On Fri, Mar 16, 2018 at 09:27:21AM -0400, Robert P. J. Day wrote:
> course i taught recently had a section on "xargs", emphasizing its
> value(?) in being able to run a command in bite-size pieces but, these
> days, is that really that much of an issue?
If it was a year ago when I tried to glob some subset of a ~90K file
directory. It's still broken today on a simulated similar setup. Some
shell builtins don't care, which can be surprising (rm on zsh), but
both bash and zsh error before calling execve.
> IIRC (and i might not), the historical limiting factor for command
> line length was the limit of an internal buffer in the shell that was
> used to build the command to be run, and it used to be fairly small
> (5000 bytes?). these days, i'm fairly sure bash can handle far longer
> commands than that.
There's this in-depth answer from SO, but you might want to verify
yourself.
https://superuser.com/questions/705928/compile-the-kernel-to-increase-the-command-line-max-length
> now i can see the obvious value of xargs in that it supports a ton
> of cool options like defining the delimiter to be used in parsing the
> input stream and so on, but WRT simply limiting the command line size,
> rather than something like this:
>
> $ find . -type f -name core | xargs rm -f
That's not space-safe.
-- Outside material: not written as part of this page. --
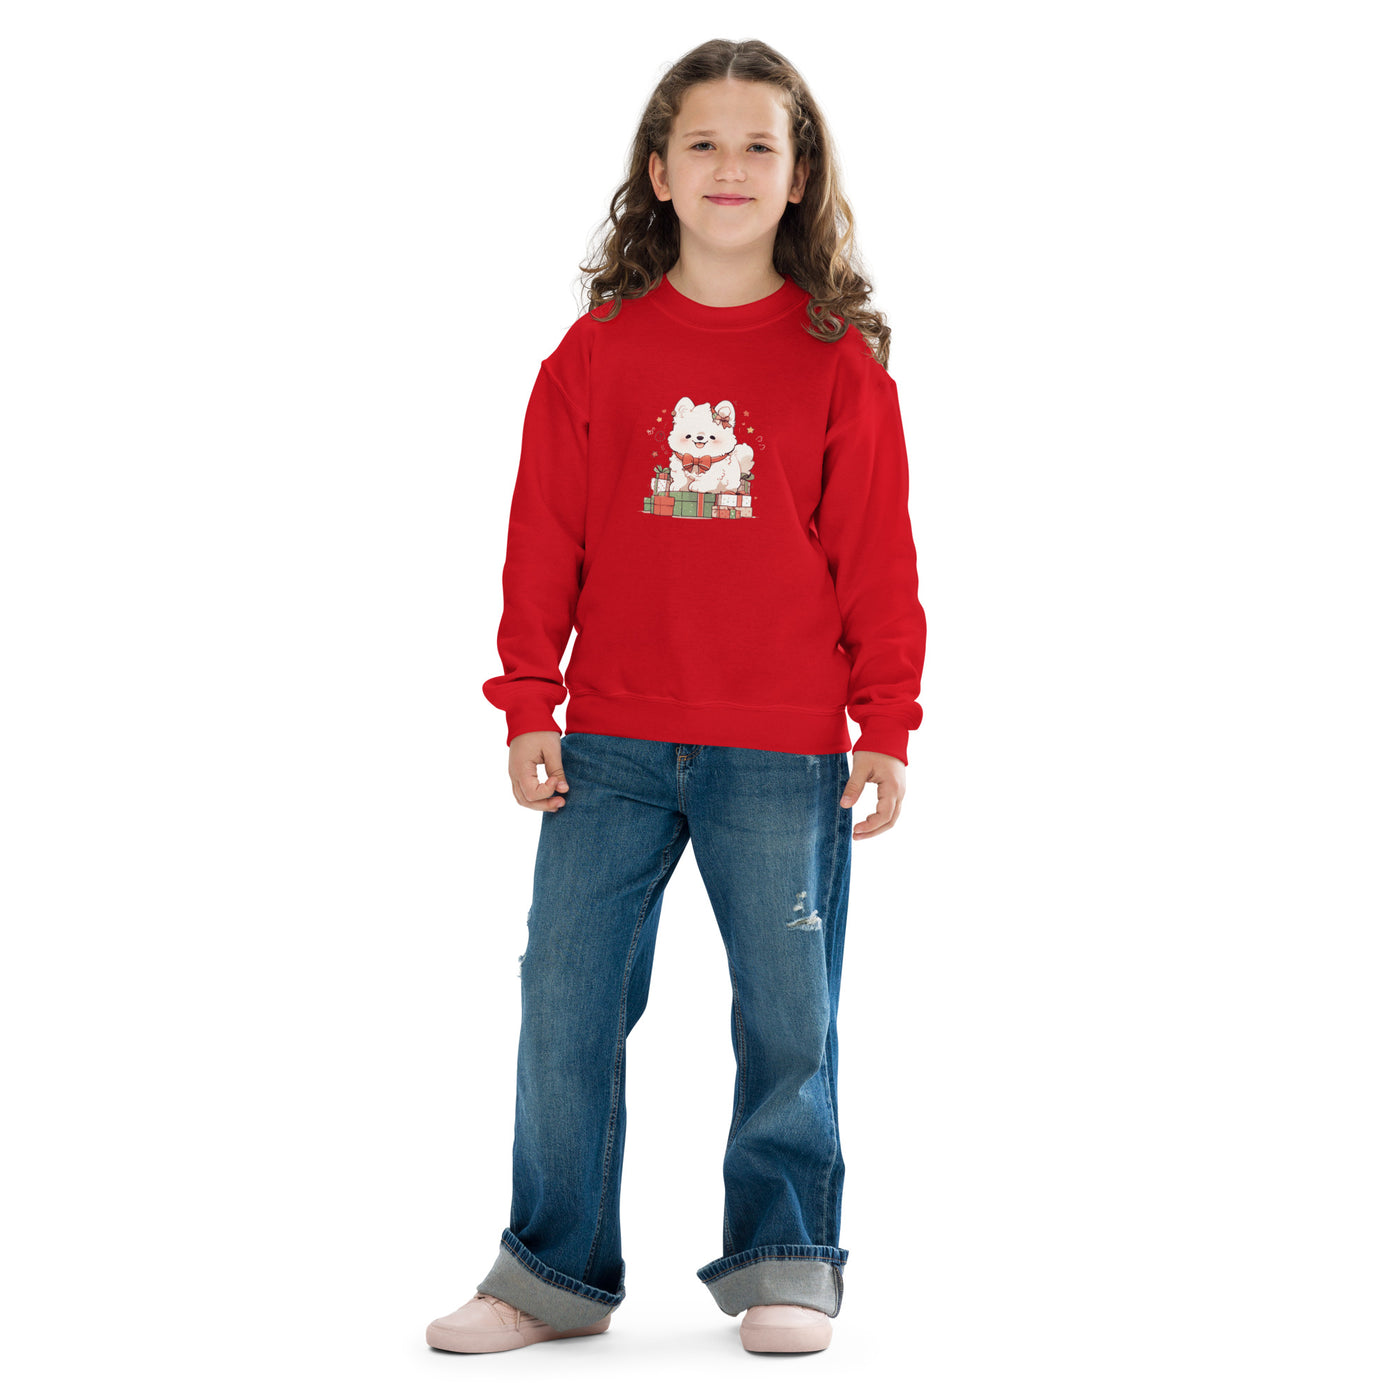 Dog Youth crewneck sweatshirtXS-XL Unisex - Coco Potato - dresses and partywear for little girls

You'll have to use the non-portable -d with
$'\n', or just…
> i would simply assume i can generate a really long command and write:
>
> $ rm -f $(find . -type f -name core)
Not space-safe either. What if the directory names contain anything in
$IFS?
> and, yes, there's always "find .... -exec rm -f {} \;" and so on.
You might want to use the non-portable '+', which'll do it in batches
rather than exec-ing rm once for every single file. There's also the
non-portable -delete which may be faster for some obscure edge cases.